"What! drag up-stairs with this heavy boy? Nonsense!" says the captain.
Whereupon Freddy wakes, rubs his eyes, is a little cross at first, after the fashion of sleepy children, but finally says good-night to all and goes off, his little hand clasped in his mother's.
"Here is some one else asleep too!" says Katrine, as she passes the general, who is sitting with his arms crossed and his head sunk on his breast.
"Can you tell me, Jack, whether mummies ever have the rheumatism?" she asks. "Indeed, you had better waken him. I will have the whist-table set out.--And you, sweetheart," she says to Stella, "might unpack your music and sing us something."
While Stella amiably rises to go with her aunt, and the Baroness makes ready to follow them, murmuring that she must unpack the music herself, or her manuscripts will be all disarranged, Stasy turns to Rohritz:
"What do you say to it all? Did you ever hear such talk from a well-born girl? Such a conversation! Some allowance, to be sure, must be made for her."

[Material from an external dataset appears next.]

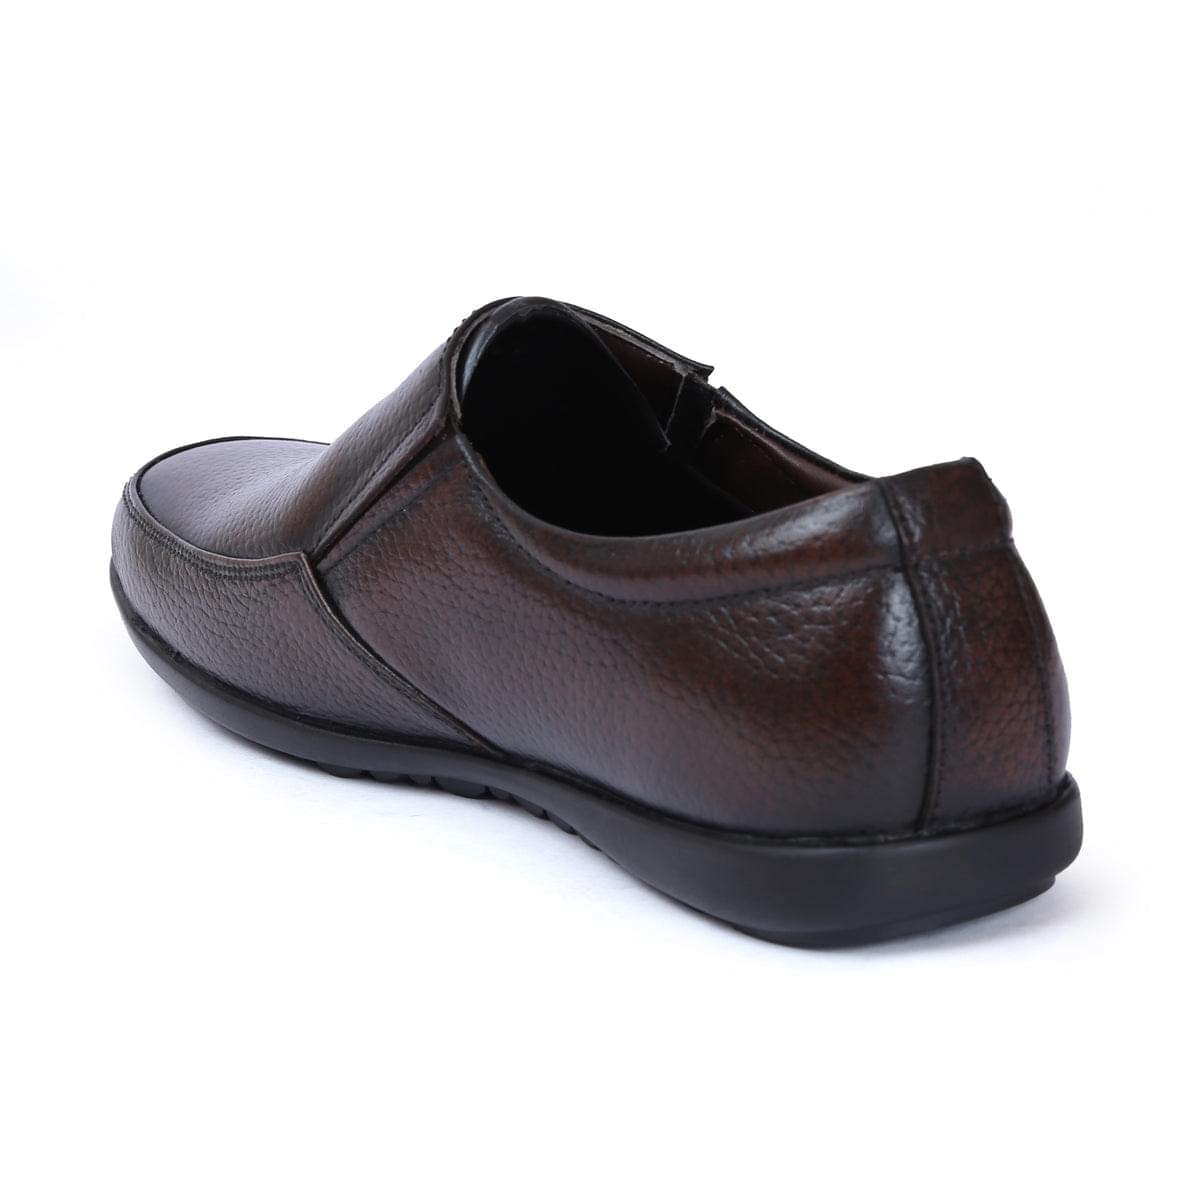 Men’s Leather Slip On Loafers

But Rohritz simply murmurs, "Poor girl!"
"Yes, she is greatly to be pitied; her training has been deplorable!" sighs Stasy, and then, lowering her voice a little, she adds, "The colonel----"
"What Meineck was he?" Rohritz interrupts her, impatiently. "There are four or five in the army,--sons of a field-marshal, if I am not mistaken. Was he in the dragoons or the Uhlans?"
"Franz Meineck, of the ---- Hussars," says Jack.